There are 19 species in the genus Ablepharus which are recognized as being valid:

- A. alaicus (Elpatjevsky, 1901)
Found in China, Kyrgyzstan, Uzbekistan, Tajikistan, and Kazakhstan

- A. bivittatus (Ménétries, 1832) — twin-striped skink
Found in Azerbaijan, Turkey, south-eastern and central Armenia, Iran, and Turkmenistan
Typically found in thorny shrubbery, grasslands, and rocky slopes

- A. budaki Göçmen, Kumlutaş & Tosunoğlu, 1996 — Budak's snake-eyed skink
Found in Turkey, Syria, Lebanon, and Cyprus
Typically inhabits leaf litter, woodlands, shrubbery, and forests in humid areas

- A. chernovi Darevsky, 1953 — Chernov's skink
Found in Syria, Turkey, and Armenia
Typically, they are found hiding under leaf litter and small stones in open areas with little shrubbery or forestation. Some may also be found on some of the gentler slopes on some mountain ranges.

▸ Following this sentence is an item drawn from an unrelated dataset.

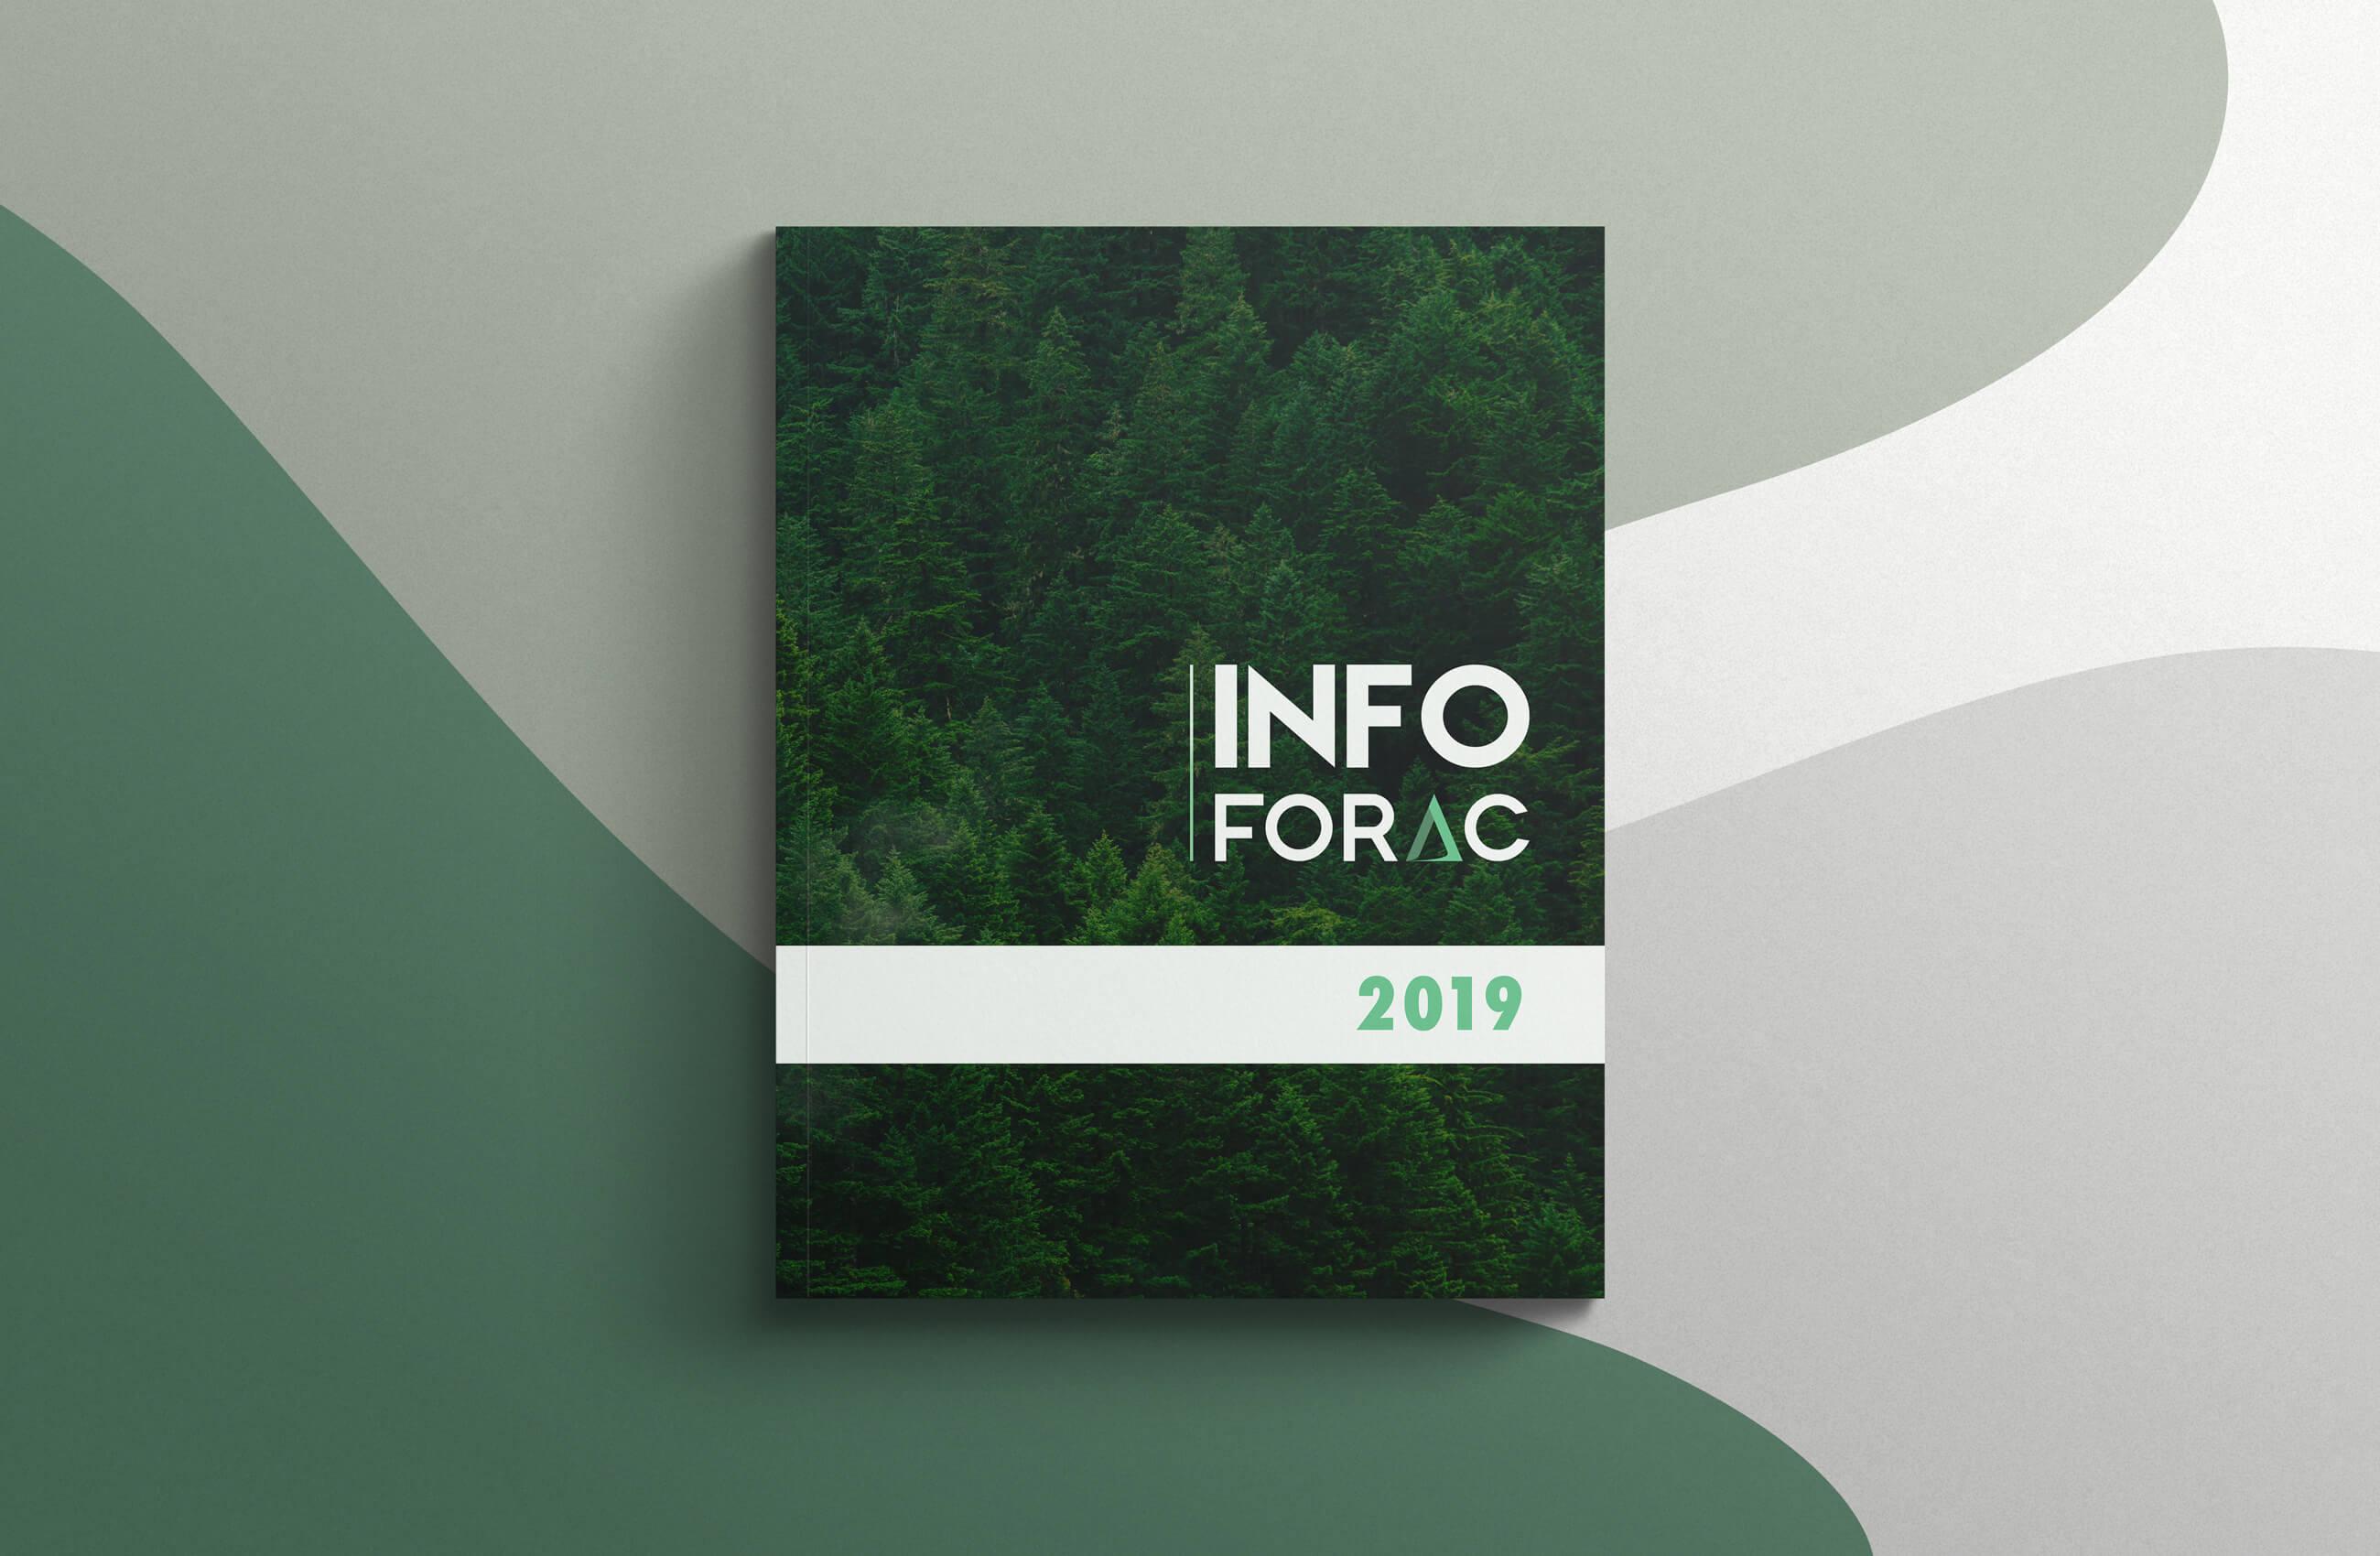 INFO FORAC magazine

- A. darvazi Eremchenko & Panfilov, 1990 — Darvaz Range skink
Found in Tajikistan, India, Afghanistan, and Pakistan

- A. deserti Strauch, 1868 — desert lidless skink
Found in Turkmenistan, Kazakhstan, Uzbekistan, Tajikistan, and Kyrgyzstan
Generally observed in desert lands and dry slopes with several different types of angiosperms around 2,000 m above sea level

- A. eremchenkoi (Panfilov, 1999)
Found in Kyrgyzstan and Kazakhstan

- A. grayanus (Stoliczka, 1872) — minor snake-eyed skink
Found in Pakistan, India, Nepal, and Turkmenistan

- A. himalayanus (Günther, 1864)
Found in Kyrgyzstan and Kazakhstan, Pakistan, India, Nepal

- A. kitaibelii (Bibron & Bory de Saint-Vincent, 1833)— European snake-eyed skink
Found in southern Slovakia, Serbia, Hungary, Eastern Croatia, Albania, Greece, southern Romania, Macedonia, and Turkey
Inhabits arid regions containing meadows, scrubland, and woodland clearings, as well as hilly areas

- A. ladacensis (Günther, 1864)
Found in Tibet (China), North India, western Nepal, and northern Pakistan.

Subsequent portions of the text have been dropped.